PROVIDED INFORMATION Start Marker

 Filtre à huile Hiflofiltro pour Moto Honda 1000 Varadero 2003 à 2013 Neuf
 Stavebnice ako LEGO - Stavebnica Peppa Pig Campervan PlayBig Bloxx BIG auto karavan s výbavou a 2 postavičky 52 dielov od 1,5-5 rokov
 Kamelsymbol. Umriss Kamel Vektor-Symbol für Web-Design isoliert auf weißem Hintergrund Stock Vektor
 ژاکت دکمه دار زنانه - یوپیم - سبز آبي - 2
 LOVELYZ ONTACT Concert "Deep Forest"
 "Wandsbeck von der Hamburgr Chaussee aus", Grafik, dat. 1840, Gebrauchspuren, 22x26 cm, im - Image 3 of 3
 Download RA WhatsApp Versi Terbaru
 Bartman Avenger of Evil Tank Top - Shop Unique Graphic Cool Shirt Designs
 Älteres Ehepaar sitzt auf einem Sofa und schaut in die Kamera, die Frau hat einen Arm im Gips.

PROVIDED INFORMATION End Marker

▶ _EXERCISE DETAILS_
Retype the listing. Match it exactly.

▶ _EXERCISE RESULT_
 Filtre à huile Hiflofiltro pour Moto Honda 1000 Varadero 2003 à 2013 Neuf
 Stavebnice ako LEGO - Stavebnica Peppa Pig Campervan PlayBig Bloxx BIG auto karavan s výbavou a 2 postavičky 52 dielov od 1,5-5 rokov
 Kamelsymbol. Umriss Kamel Vektor-Symbol für Web-Design isoliert auf weißem Hintergrund Stock Vektor
 ژاکت دکمه دار زنانه - یوپیم - سبز آبي - 2
 LOVELYZ ONTACT Concert "Deep Forest"
 "Wandsbeck von der Hamburgr Chaussee aus", Grafik, dat. 1840, Gebrauchspuren, 22x26 cm, im - Image 3 of 3
 Download RA WhatsApp Versi Terbaru
 Bartman Avenger of Evil Tank Top - Shop Unique Graphic Cool Shirt Designs
 Älteres Ehepaar sitzt auf einem Sofa und schaut in die Kamera, die Frau hat einen Arm im Gips.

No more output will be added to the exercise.